By using std::make_shared<T>(), you tell the compiler to allocate one single contiguous block of heap memory large enough to hold both the managed object T and the Control Block right next to each other.

#include <memory>

int main() {
    // Optimal: Triggers exactly one heap allocation and places control block next to value!
    auto ptr = std::make_shared<int>(42);
    return 0;
}
Single allocation using std::make_shared.

This optimization yields two major benefits:

* Speed: Only one system call is made to the heap allocator instead of two.

* Cache Locality: Because the object and control block are contiguous, reading one pre-fetches the other into the CPU cache, reducing cache line latency.

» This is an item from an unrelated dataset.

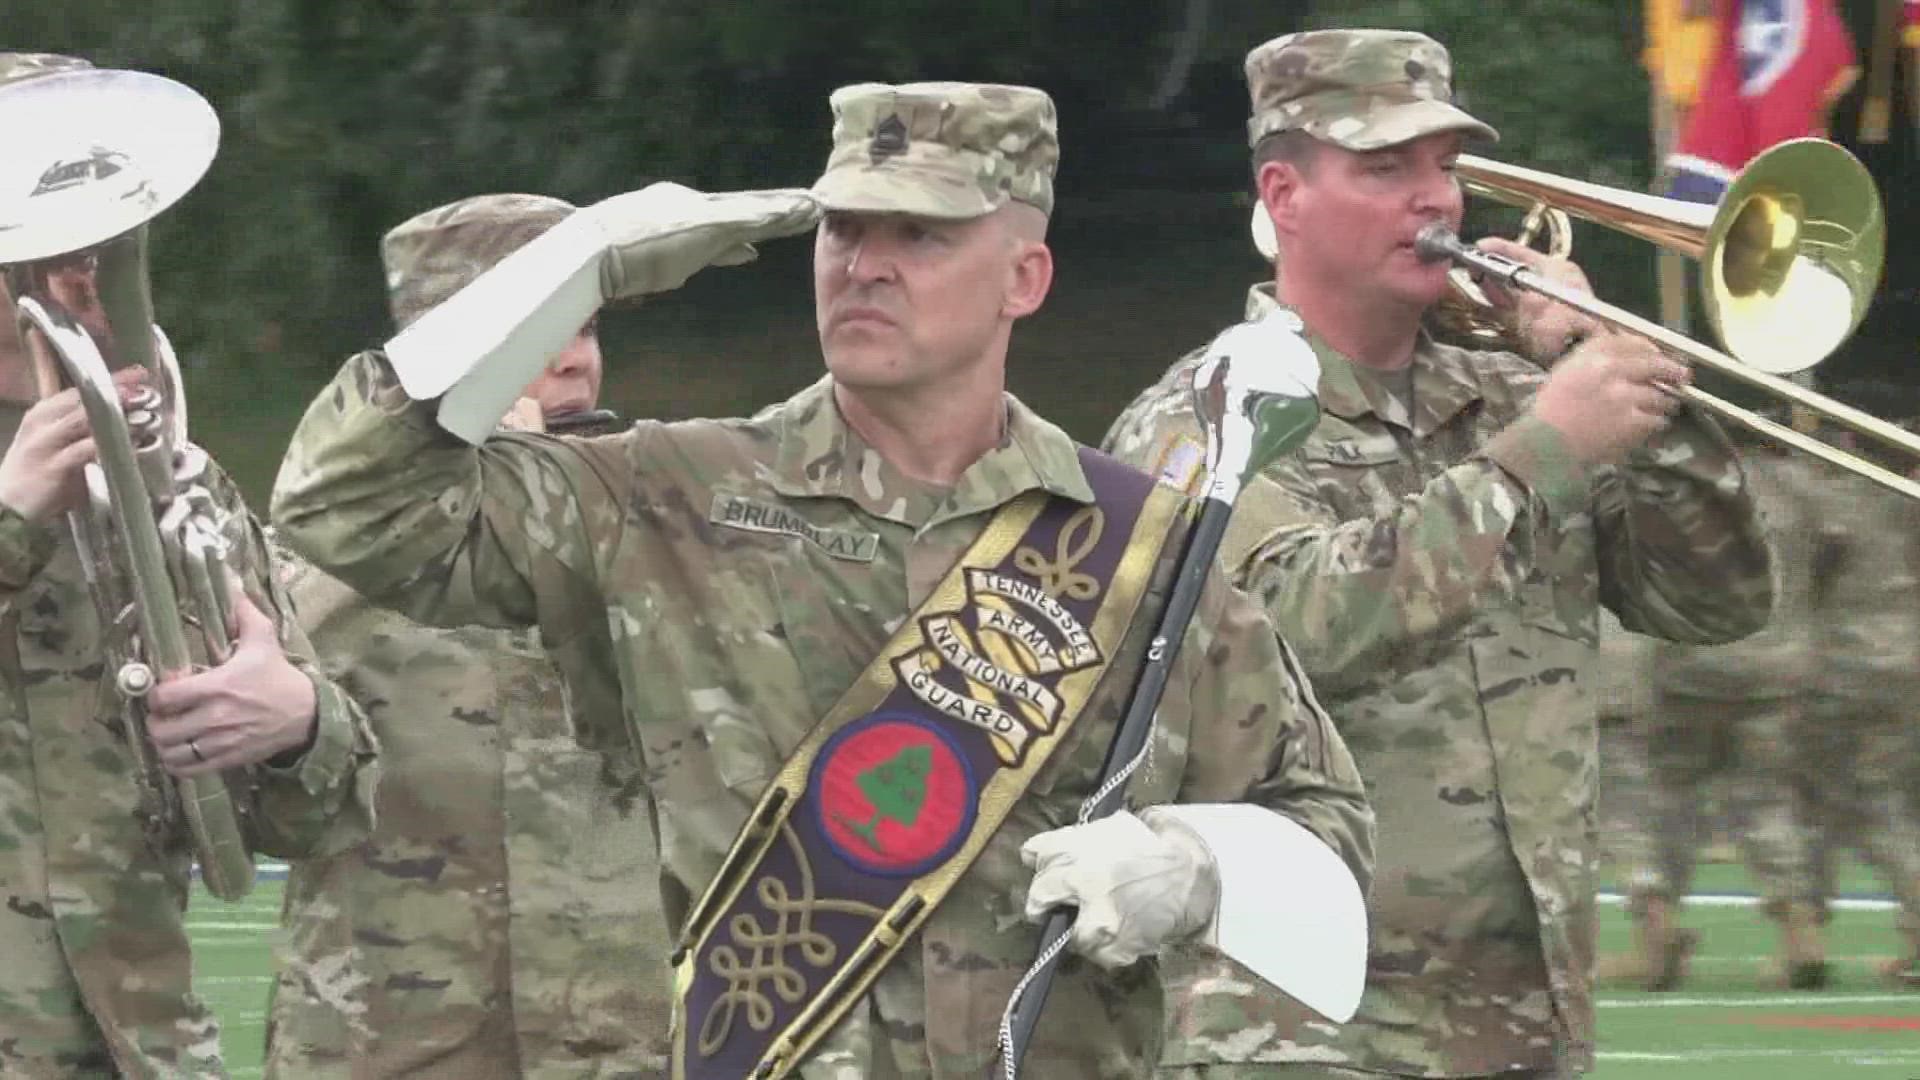 The TN National Guard's 278th Armored Cavalry Regiment held a change of command ceremony. Col. Steven Turner relinquished his command to Lt. Col. Timothy Shubert.

* The Box Metaphor: Creating a shared pointer using raw new is like buying a toy at one store, then driving to another store to buy the batteries (two slow trips). Using std::make_shared is like buying a bundle box containing both the toy and the batteries inside (one trip).

The Make Shared Trade Off

There is a minor trade off: since the object and control block are in the same contiguous block, the physical memory cannot be returned to the operating system until both the strong reference count and the weak reference count hit zero. If you have active weak pointers, the control block must stay alive, meaning the memory for the destructed object cannot be freed until those weak pointers are destroyed.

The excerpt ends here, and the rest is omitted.